I had no idea how to answer. It was such a simple question, but surprisingly, it took me off guard. “What name would you like to have imprinted?” the saleswoman asked again. Do I give my current name? My “first married” name? Maiden name? Ahhhh…who am I?
My last name was “Lawyer” until I was twenty-five. It represented a happy childhood filled with family vacations, dance recitals, and big holiday celebrations. I consider myself fortunate to have such loving and supportive parents and an ambitious younger brother. Mom and Dad seemed to do everything right from teaching Jason and I about responsibility, education, faith, and giving us freedom to make our own choices. And yes, they allowed me to make some of my own not so great choices too. The name Lawyer represents a long line of family heritage; a great-great-great grandfather who enlisted in the Union army, escaped Andersonville, then joined Sherman’s march. Better yet, Johanas Lawyer from 1725. His portrait inscription says it all, “Life, live it well,” written in Latin. Lawyer, a name symbolizing a bond with family that I’ve known, and some I’ve never met (but feel like I have). A name that I am proud to have.

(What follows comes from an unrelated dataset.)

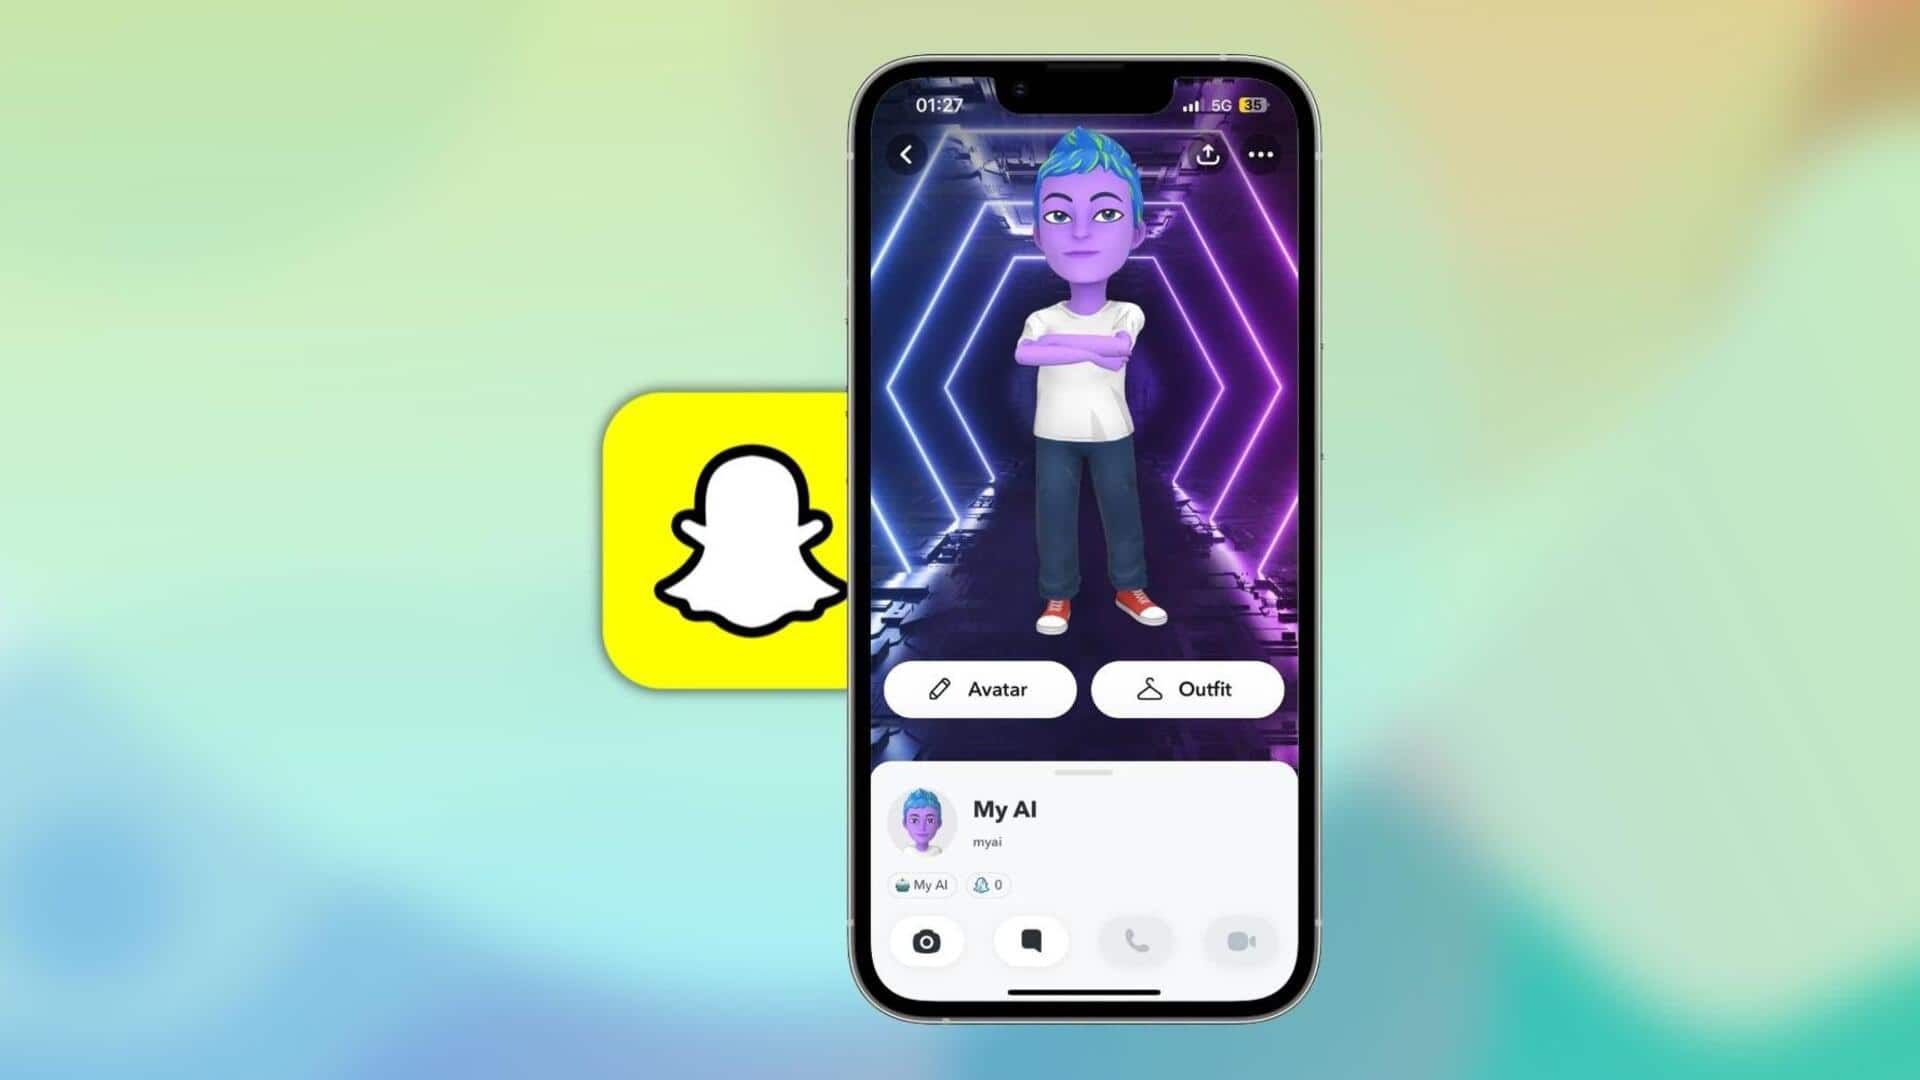 Snapchat's AI chatbot faces scrutiny in UK over privacy concerns

It was on May 14, 2005, when I became an “Overfield.” The first time I met Ryan, I was his waitress. The second time, I saw him out with a friend. The third time, I worked with him. Our paths crossed multiple times, almost as if God had given us chance after chance to connect. Our first date was a Reds game, and I was ever so ready to be caught on the kiss cam. Two years later we were married. One year later we had a daughter, then another… We had five great years together, and two fabulous girls. The three of us “girls” were at the top of his priority list, and he exemplified a man of integrity and character.
June 2013 brought another change (and name) in my life. After grieving years for Ryan, the Lord brought me to another incredible man. I didn’t know that it was possible to fall in love so deeply again. Kar “Singh” loves life and finds joy in almost every situation. He is the most passionate, and energetic person I know (besides our son, hum…wonder where he gets that from?). I love being a Singh, and also learning about a different culture of individuals. I’ve fallen in love with Indian food, hugging-hugging-and tons more hugging (at all Indian events), calling everyone Auntie and Uncle (even though they may not be related), and dancing it up to Punjab music (talk about a party!).
I look back and see the jagged path that my life has taken thus far. I am grateful for the journey (both good and bad) that has shaped who I am today. But even more, I know that I have never been alone. Although my name has changed throughout my life, my identity has remained constant. I can say without a doubt, that my Lord has been the ONE rock and stability through it all. I am Jama because of the way He has led me down my path, through each and every turn. Sometimes I’ve walked beside him, behind him, and have even tried to led him a few times (although it doesn’t work so well). I know that my journey is with my creator. Everyday. Always. He will never leave me, nor forsake me, and he loves me with an endless love. I’m so very grateful that He has allowed me to experience my different names, but I will always be His.
“I would like to have the name, Jama Singh Lawyer Overfield,” I told the saleswoman. She looked at me and raised her brow. “God has been my constant through every name I’ve had on my journey. What better way to recognize that, than by imprinting them on the cover of my Bible?”